→ Data shown:
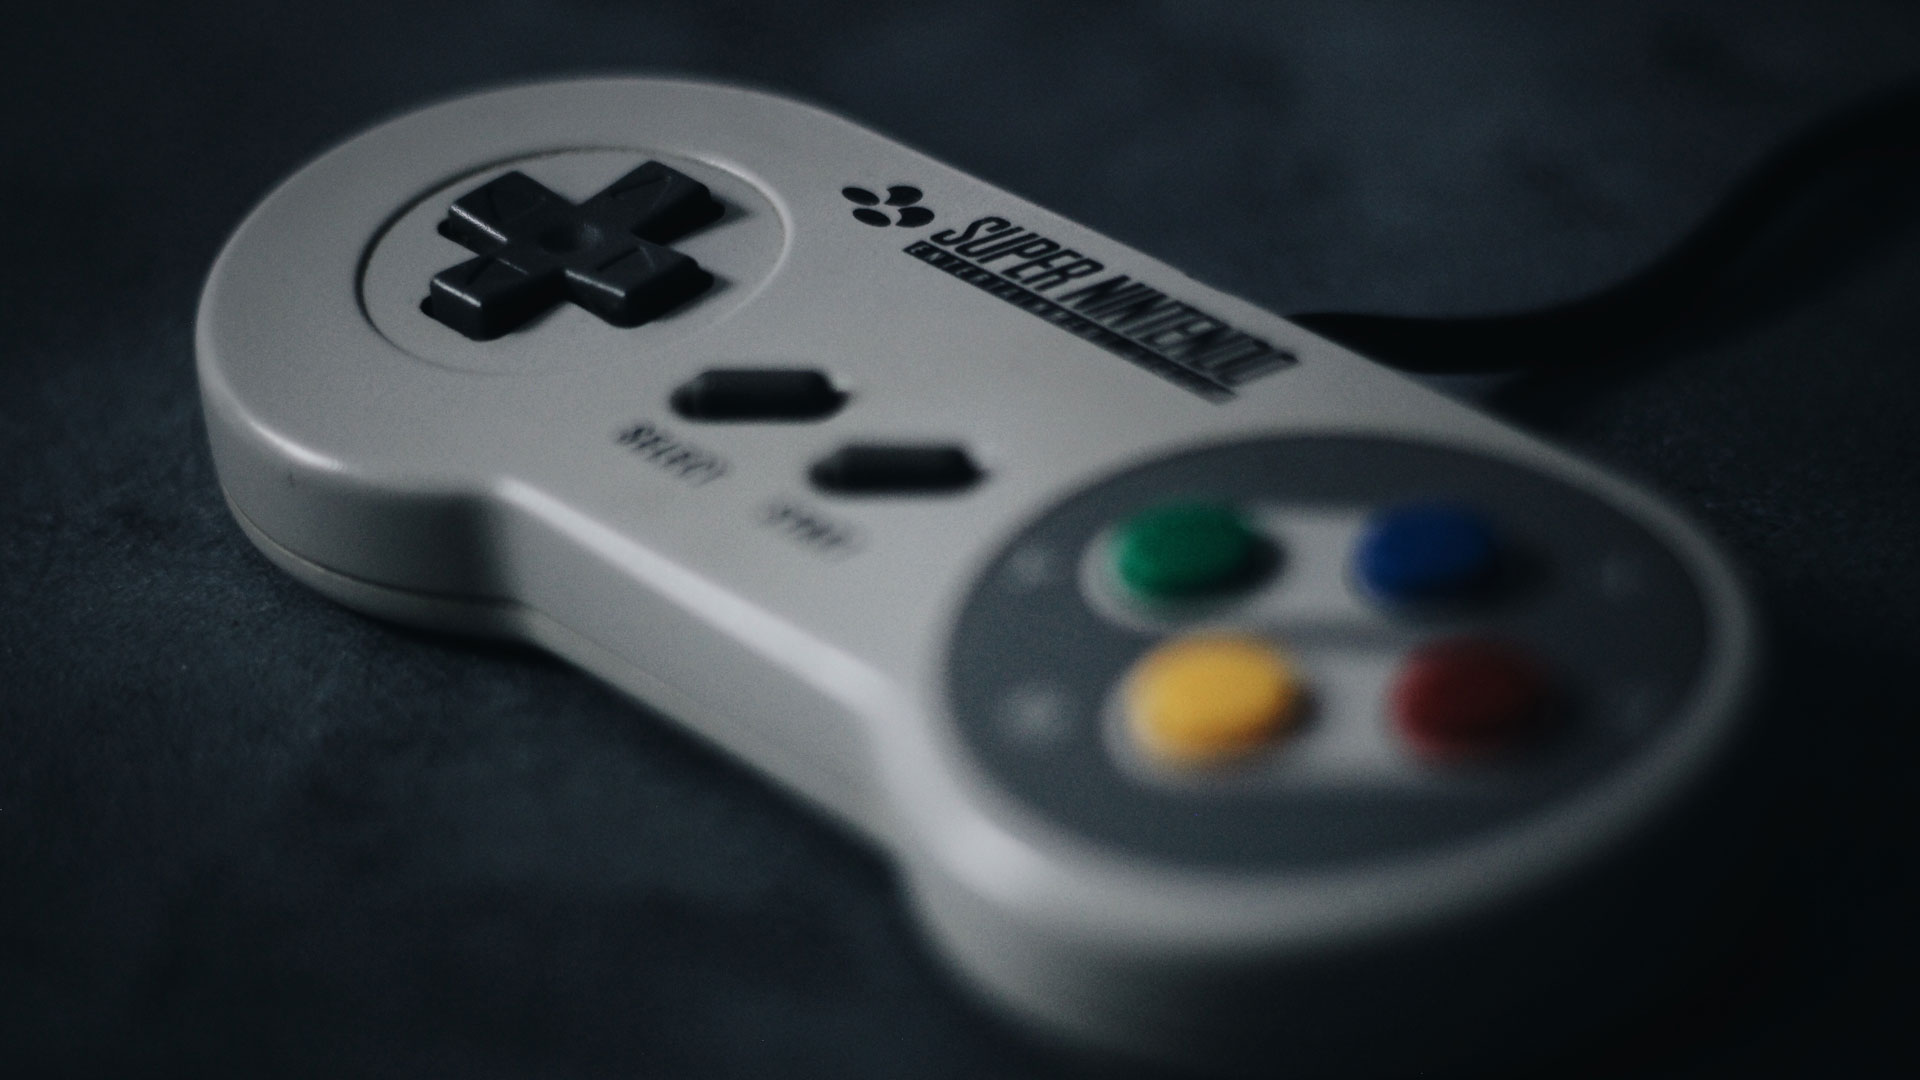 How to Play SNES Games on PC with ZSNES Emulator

---

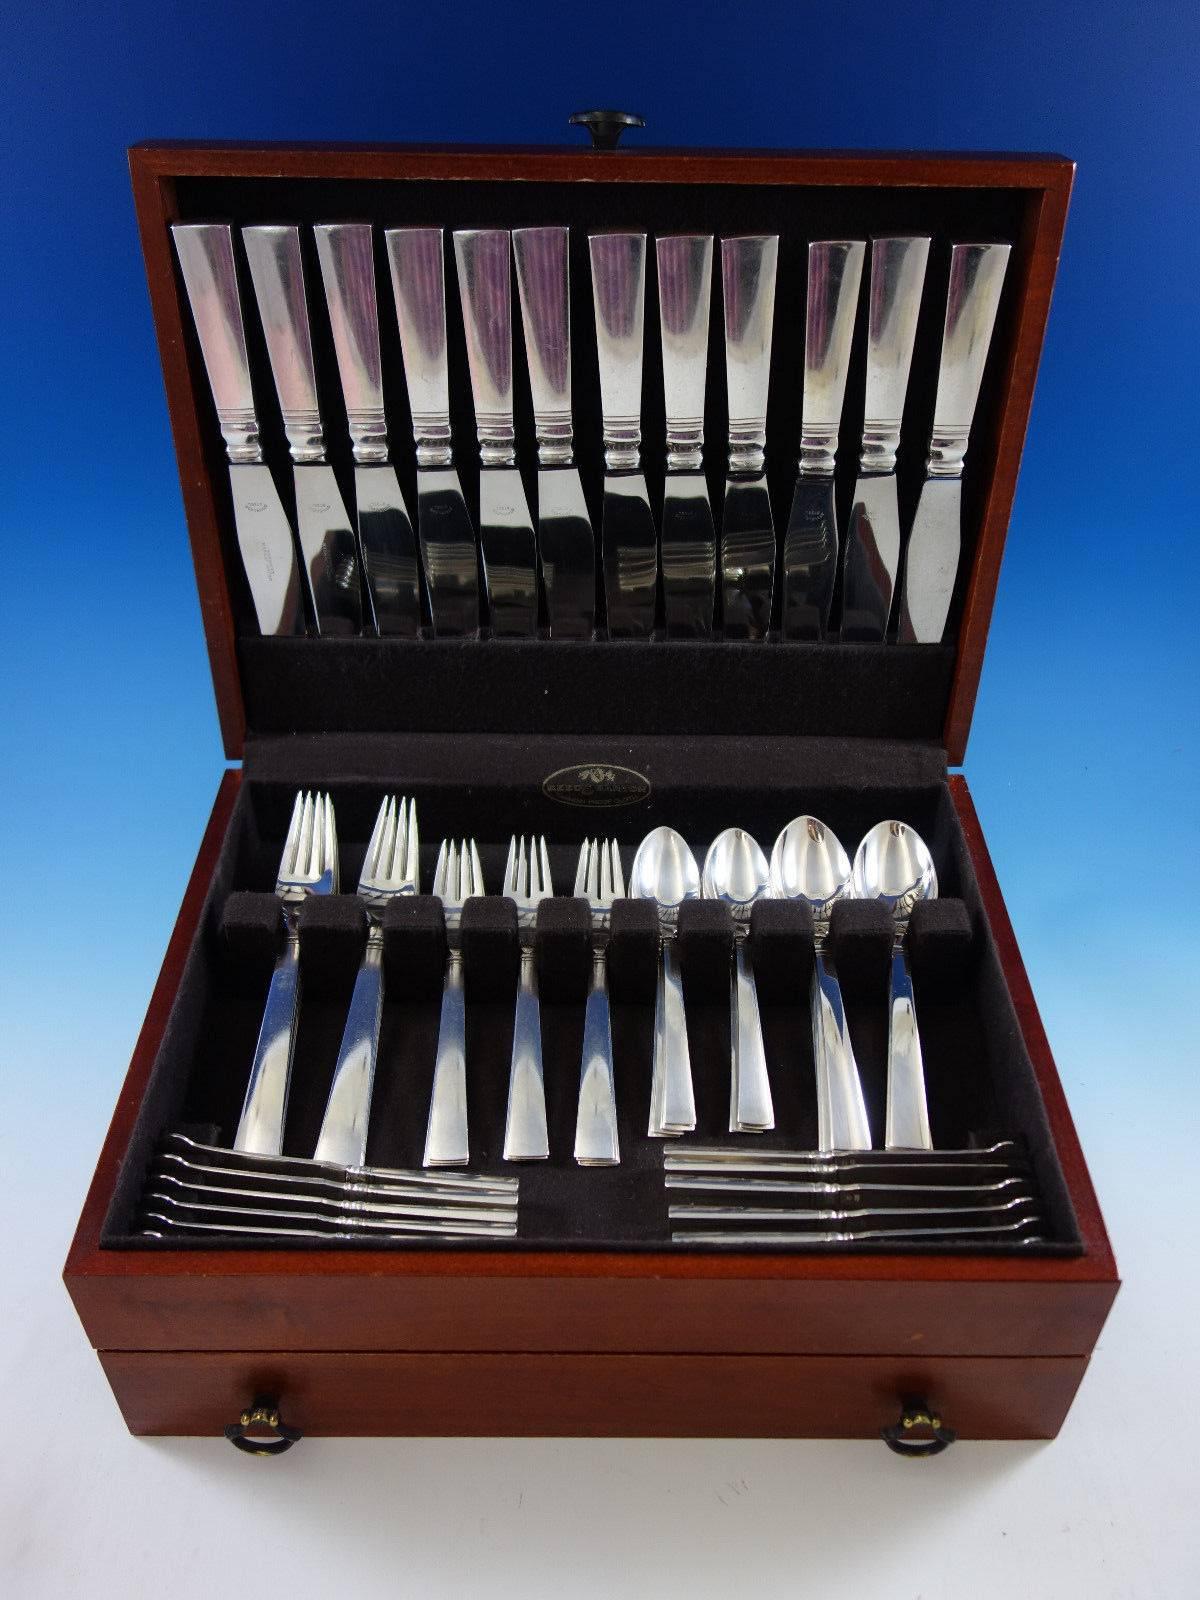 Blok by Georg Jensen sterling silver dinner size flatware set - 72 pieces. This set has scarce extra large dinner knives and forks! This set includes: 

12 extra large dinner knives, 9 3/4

* * *

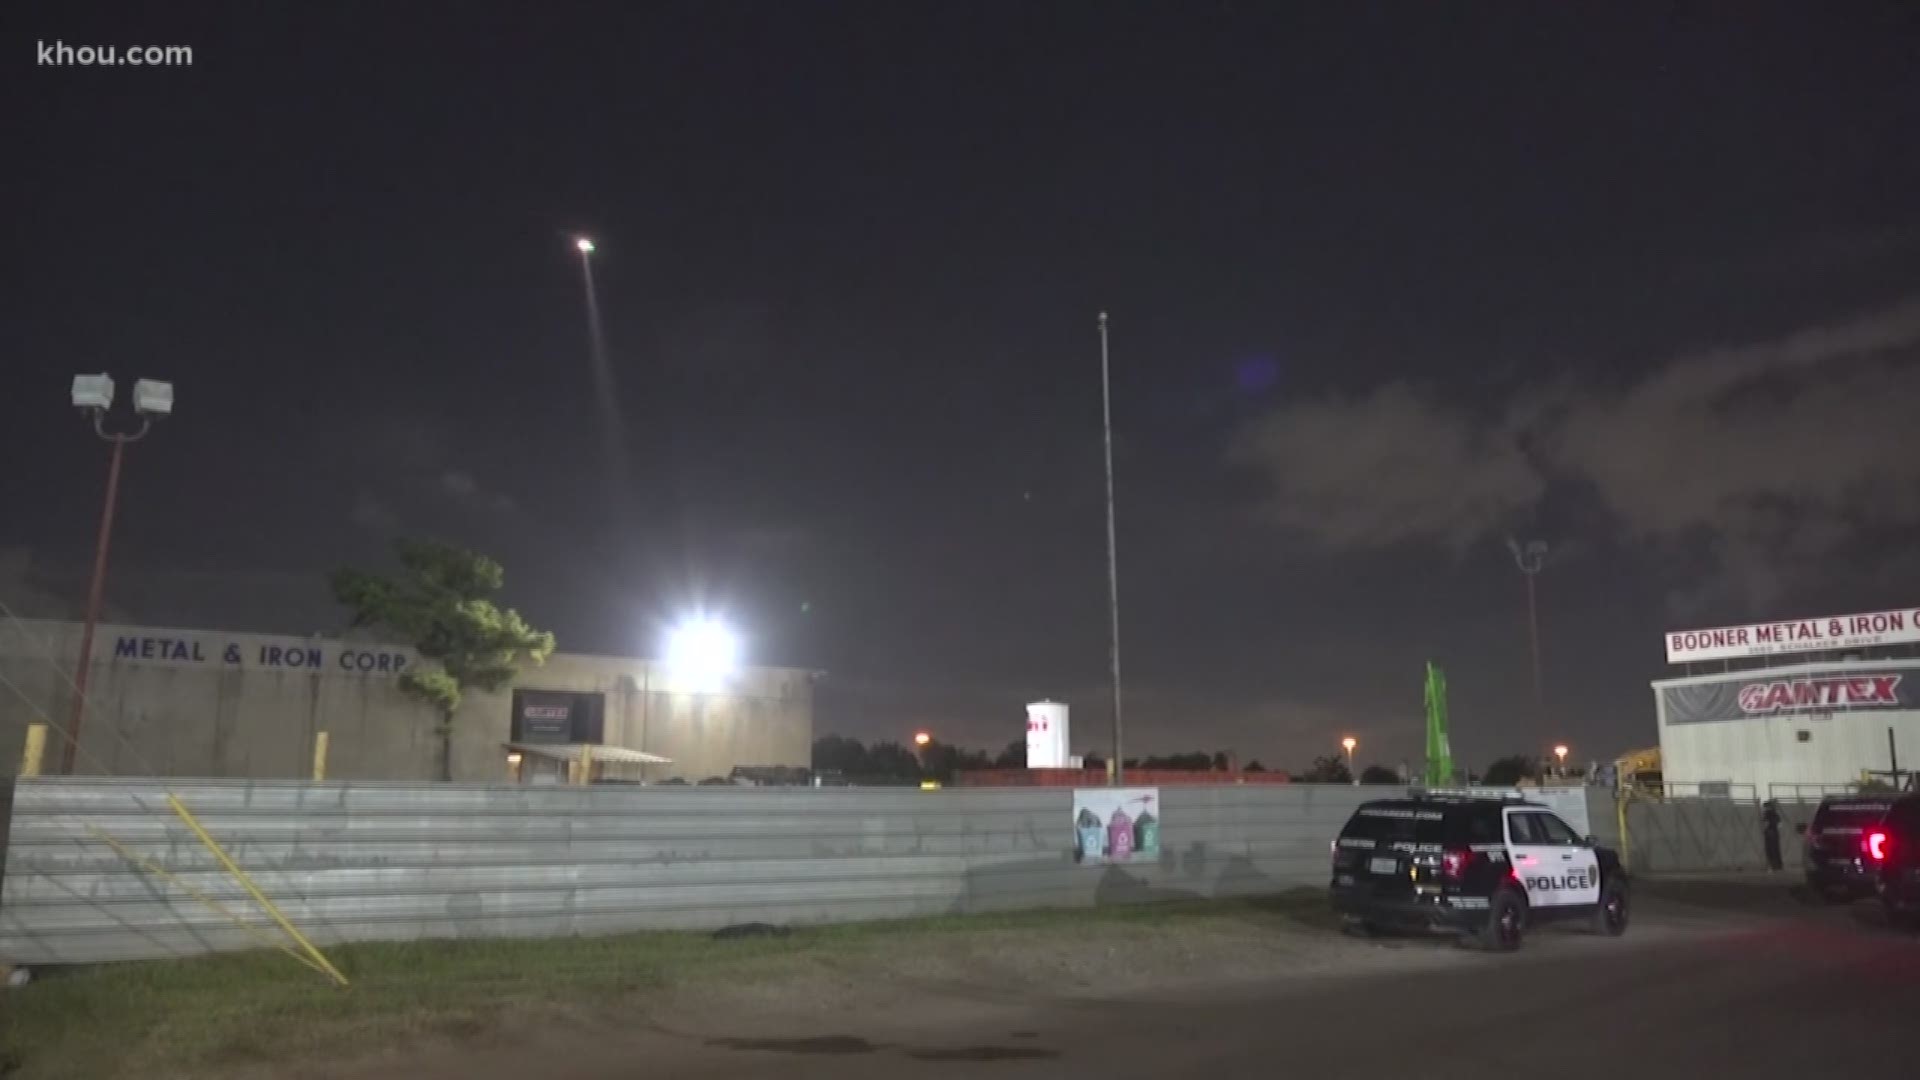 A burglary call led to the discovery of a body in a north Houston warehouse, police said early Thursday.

→ What is being asked: Lines wanted from the entries above: the one with "Blok by Georg", the one with "12 extra large dinner knives, 9 3/4", and all lines between. Please copy them exactly, without the pictures and without anything else.

→ Exercise response:
 Blok by Georg Jensen sterling silver dinner size flatware set - 72 pieces. This set has scarce extra large dinner knives and forks! This set includes: 

12 extra large dinner knives, 9 3/4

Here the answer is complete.